«E chegámos ao fim do ano parlamentar, com o inevitável debate do Estado da Nação. Foi longo e razoavelmente chato.
Dantes, dizia-se que Costa punha vacas a voar. Agora, pode dizer-se que consegue pôr a dormir toda uma quinta e ganhar um debate no meio de uma crise institucional, 15 dias depois da demissão do secretário de Estado da Defesa acusado de corrupção, meses depois do recurso ao SIS para recuperar um computador de um adjunto, com os professores na rua, o SNS atulhado de problemas e a habitação como um problema que parece inultrapassável, apesar de ter sido esta semana aprovado o pacote Mais Habitação.
Luís Montenegro diz que António Costa tem um "desplante político grande". Talvez, mas além de desplante tem números, nomeadamente na economia, para apresentar.
E se António Costa já apareceu em alguns destes debates atordoado, em momentos mais difíceis, a verdade é que o Estado da Nação desta quinta-feira lhe correu bem.
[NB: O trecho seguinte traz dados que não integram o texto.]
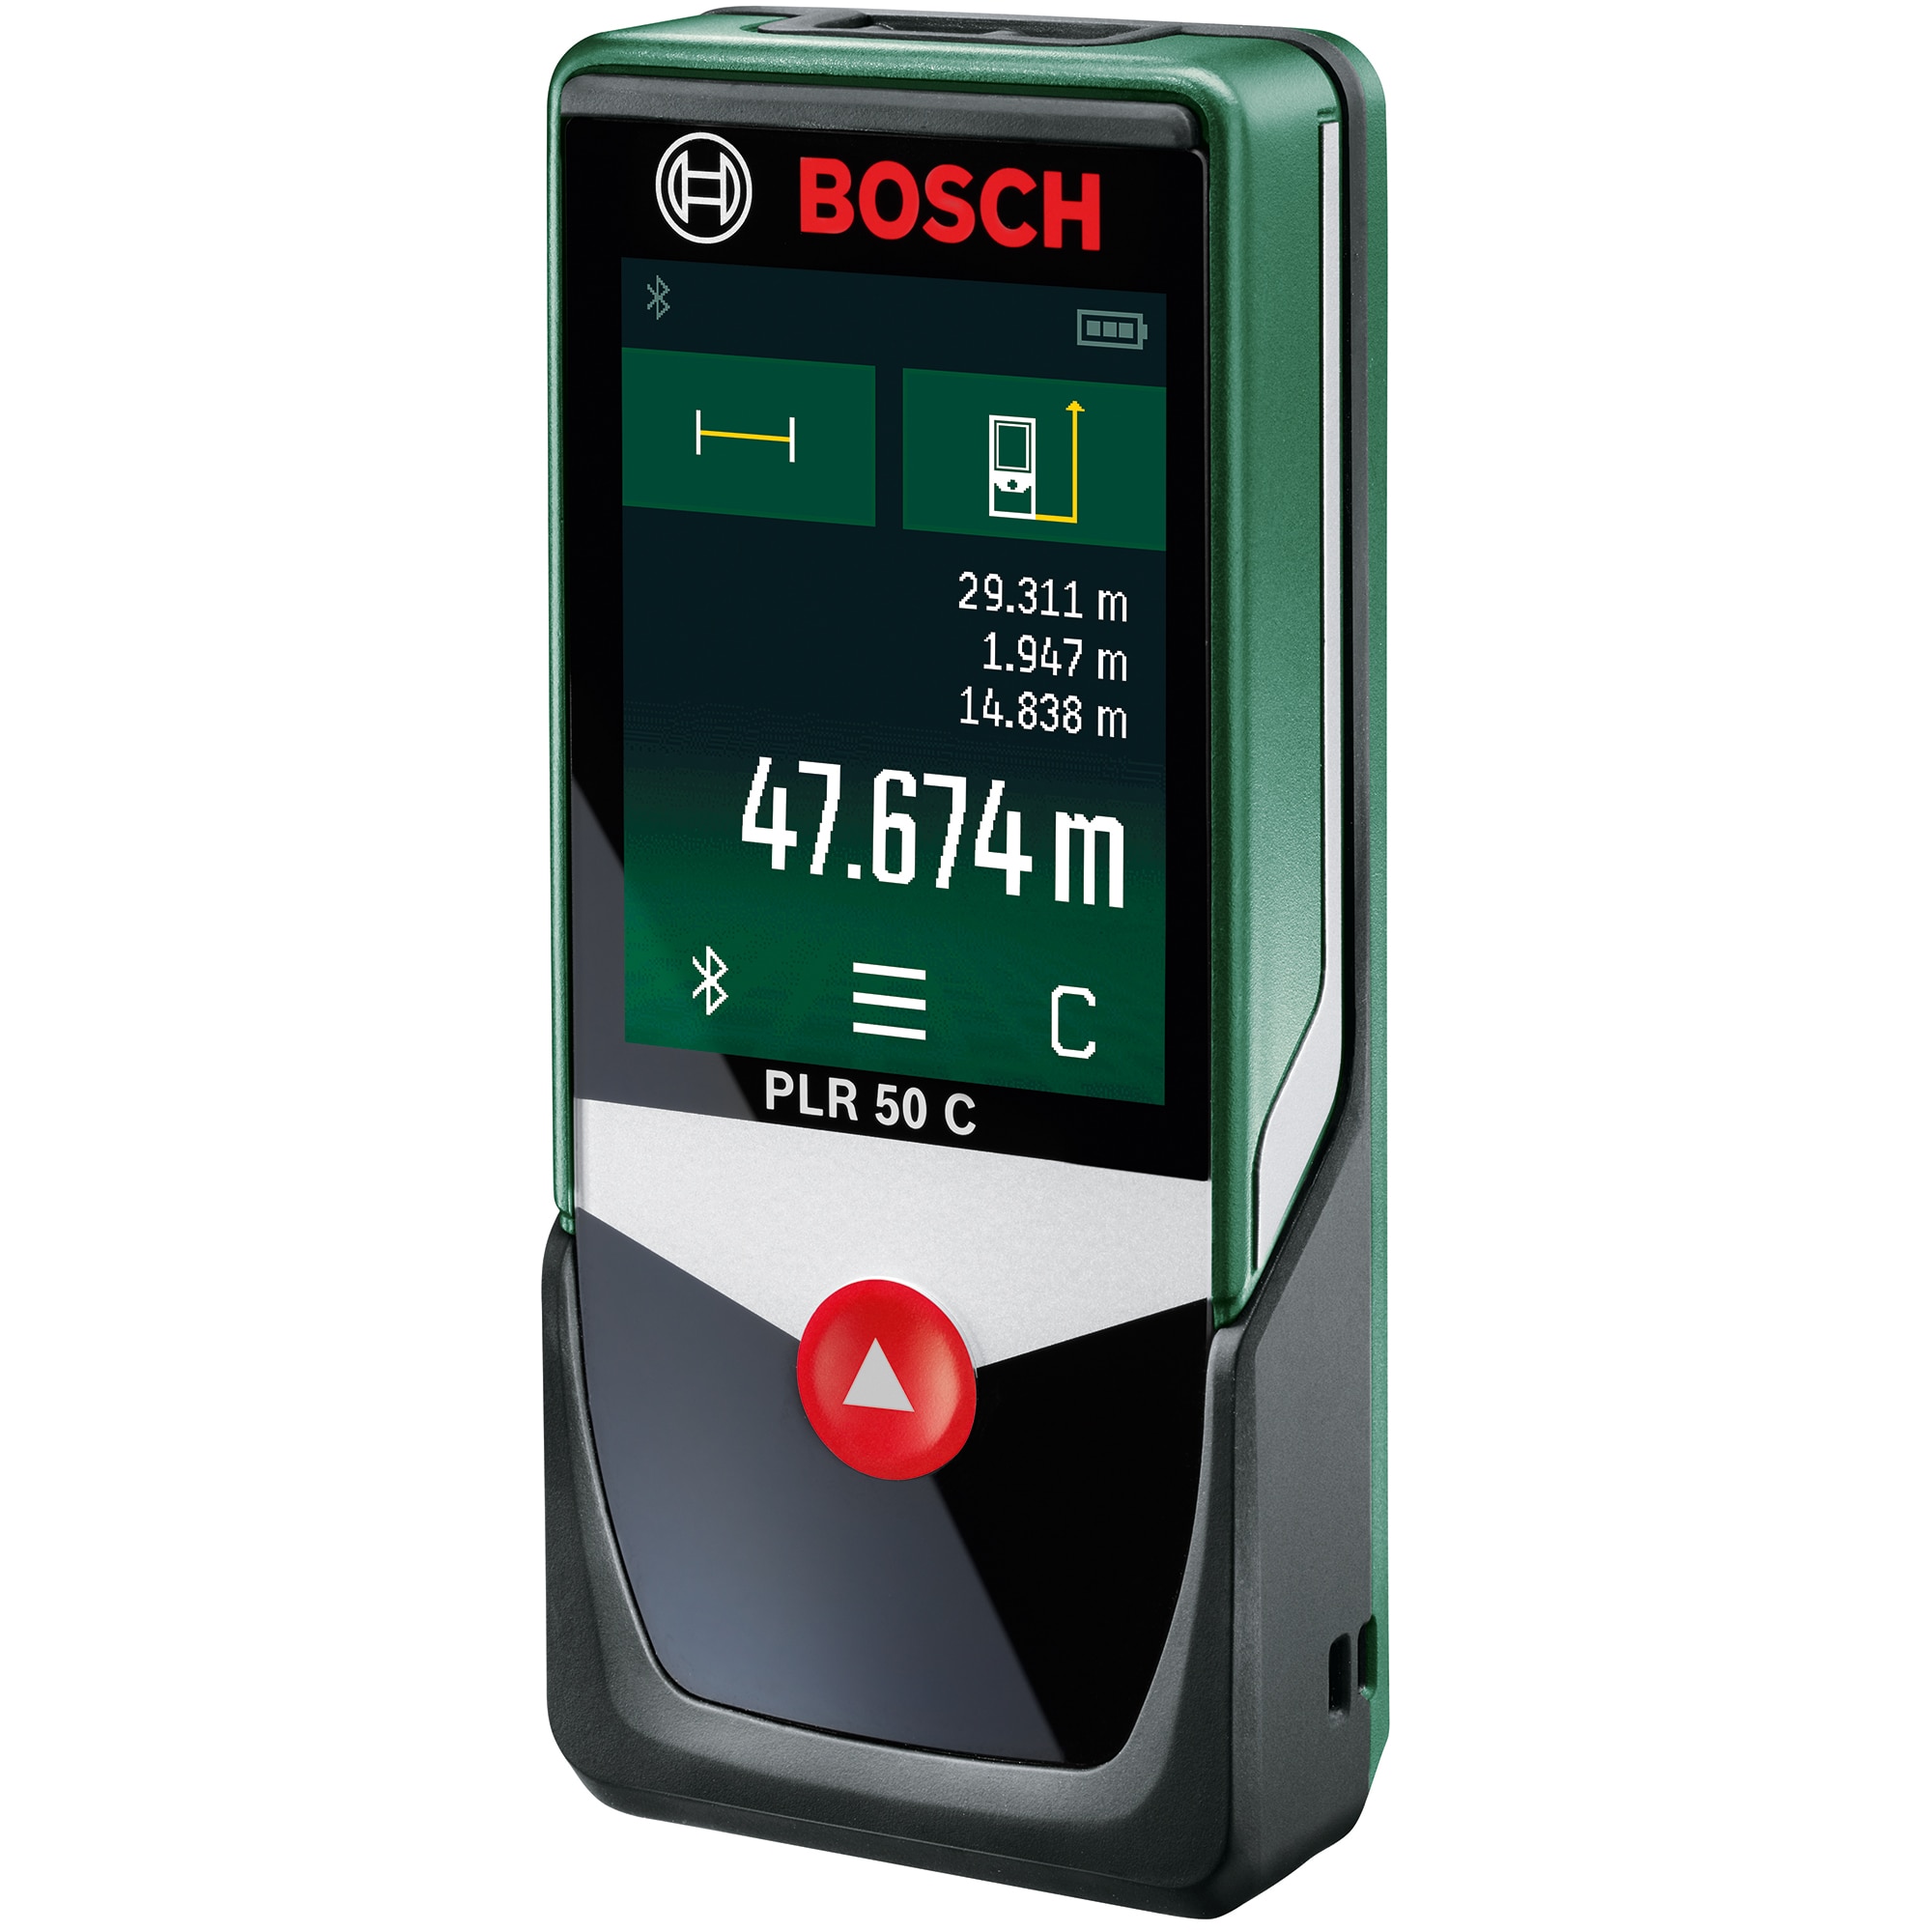 Bosch 50 c. Лазерная Рулетка Bosch PLR 50. Дальномеры Bosch PLR 30 C. Bosch PLR 50 C 0603672220. Дальномер Bosch Bosch PLR 50 C.

Manteve o controlo de todo o debate, fugindo a muitas perguntas da oposição, e acabou por ganhar. Como disse Luís Montenegro em outra circunstância, a 15 de Dezembro passado, de facto Costa é um "totalista". Na verdade, tendo em conta a situação do país, o Governo conseguir ganhar um debate parlamentar é o equivalente a um 13 no Totobola. Mas Costa, já se sabe, nasceu com uma sorte na vida política como ninguém antes dele.
É uma óbvia ajuda para o PS o facto de a bancada do PSD não ser especialmente dotada para o métier. O líder parlamentar social-democrata, Joaquim Miranda Sarmento, não tem killer instinct e, mais uma vez, demonstrou-o. O líder do PSD não sai do sítio. As pessoas não ouvem – tal como já não ouviam Rui Rio – as propostas alternativas que o PSD apresenta.
O debate foi, de certo modo, um espelho da sondagem da Universidade Católica para o PÚBLICO, RTP e Antena 1. O PSD não descola, ainda que o PS tenha perdido num ano seis pontos (tinha 38% em Julho do ano passado). Não descola no país, não descola no Parlamento, apesar da quantidade de escândalos que o Governo tem acumulado desde que tomou posse.
É possível que as pessoas se estejam realmente nas tintas para a corrupção, para a dignidade das instituições no "caso Galamba", para actuações inacreditáveis como a de José Luís Carneiro (agora o ministro mais popular do Governo e que encerrou o debate), que fez queixa à administração da RTP por causa de um cartoon. É o que António Costa pensa e já o disse. Como ele teve uma maioria absoluta e nós não, é provável que conheça um bocadinho melhor os portugueses.
Mariana Mortágua, a líder do Bloco de Esquerda, perguntou a Costa "como vai evitar a dança no Governo associada a problemas de corrupção". Costa aproveitou, neste campo, para se juntar ao discurso do Presidente da República e voltar ao mantra "à justiça o que é da justiça", que tinha interrompido – na sequência do caso Rui Rio – para criticar "os julgamentos de tabacaria". "Vivemos num país em que ninguém está acima da lei e temos um Ministério Público que goza de autonomia, um sistema judicial independente", disse António Costa, pedindo "respeito pelo Estado de Direito".
Enfim, esta sexta-feira há Conselho de Estado e Costa fez os possíveis e os impossíveis para, de véspera, adormecer os conselheiros. Vamos ver no que dá.»